Location
- Deer Park Road Athlone Ireland
- Coordinates: 53°25′12″N 7°56′45″W﻿ / ﻿53.4201°N 7.9457°W

Information
- Motto: Per ardua ad astra (Success through Effort)
- Established: 1960
- Closed: 2017
- Gender of pupils: Male
- Campus type: Urban
- Website: www.staloysiuscollege.ie

= St. Aloysius College, Athlone =

St. Aloysius College (Coláiste Naomh Aloysius) was a secondary school in Athlone, County Westmeath, Ireland. It was primarily a school for boys, though its Leaving Certificate Repeat Programme was open to all students.

==History==
The school was founded in 1960 by Monsignor John McCarthy and Dr. Vincent Hanly, Bishop of Elphin. The institution is named after Aloysius Gonzaga, the Renaissance Italian aristocrat born in 1568, who joined the Jesuits, and was canonized by Pope Benedict XIII in 1726.

The first classes took place in a small room attached to the Dean Crowe Theatre. The school later moved to a much larger, dedicated location at Deer Park Road, its present-day location. The Georgian house there, built in 1820, was the sole venue for classes in the early years after the move, but as the number of pupils grew, newer classrooms, study areas and recreation facilities were built.

The late Dr. Joseph Ducke, author, and founder of the 'Passionfruit Theatre', taught English at the school.

In 2010, the college partnered with Élan Corporation in a business-to-education learning initiative.

From the start of the 2017/2018 academic year, the school merged with St. Joseph's College, Summerhill, with the new name of Colaiste Chiaráin, named after the local saint Ciarán of Clonmacnoise. The new school is located at the existing Summerhill site, on the outskirts of Athlone, with a new name, and new management structures.

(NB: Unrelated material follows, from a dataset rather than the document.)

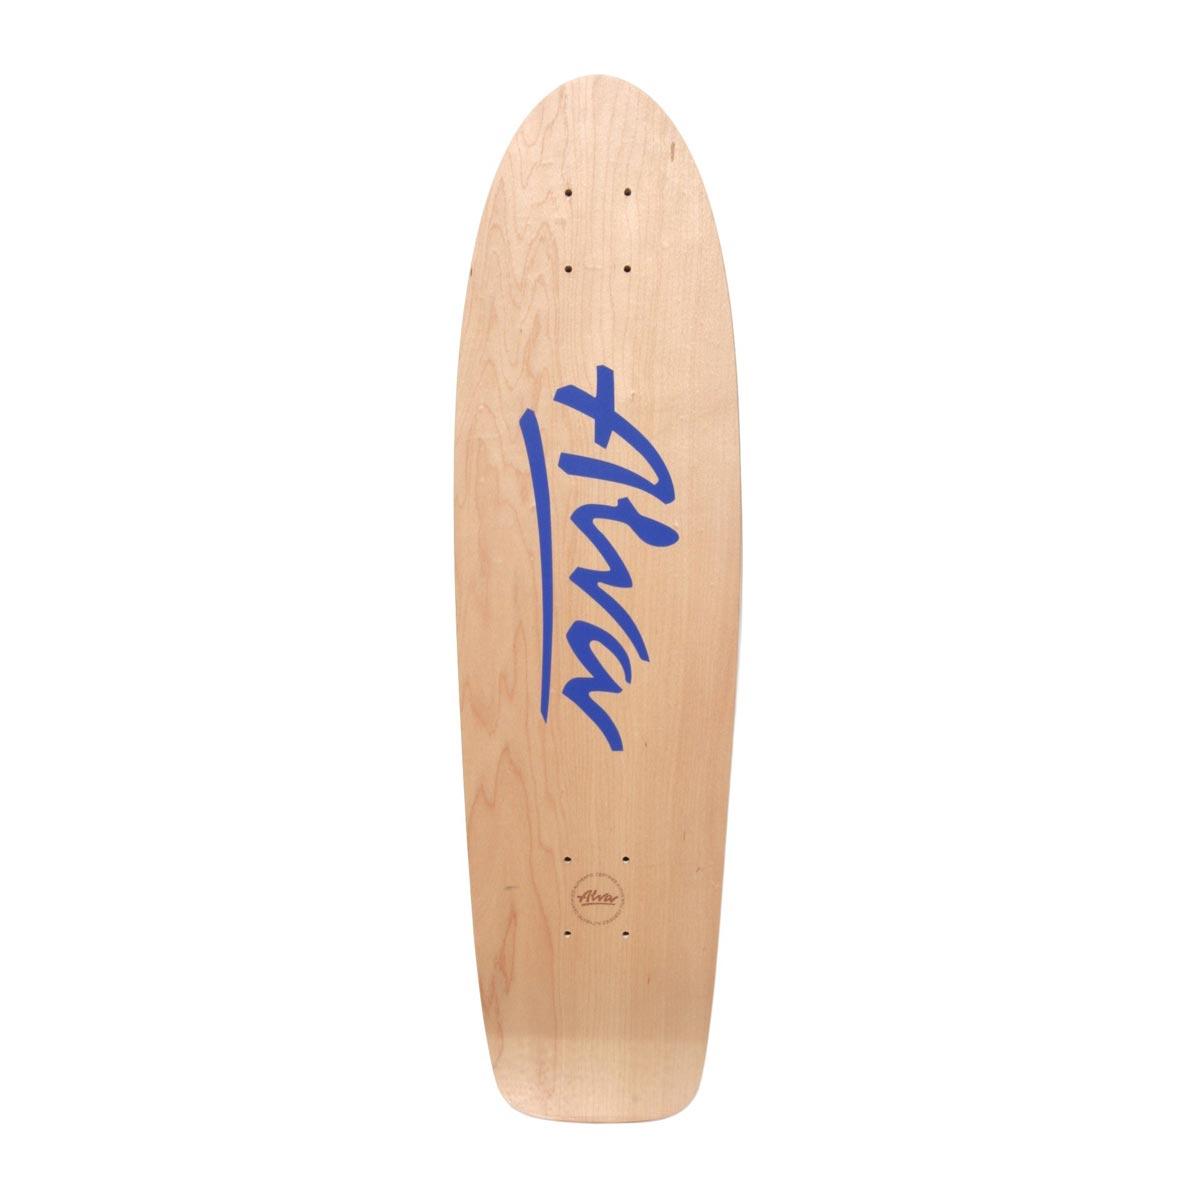 Dogtown Skateboards Canada Online Sales Pickup Vancouver

==Awards and academic achievements==
In 2014, the school won third place in the technology category at the Young Scientist Exhibition, with students Lochlann O’Regan, Paul Rushe and Eryk Zaplata answer to the question 'Can non-proprietary/open-source software be used to emulate large scale proprietary text to speech systems?'. Also in 2014 students Dylan Fuery, Chris Halota and Oisin Prendergast won a Display award at the Young Scientist Exhibition with their project "Can an architectural program be combined to create a interactive map?". The project later won first place in its category at Sci Fest.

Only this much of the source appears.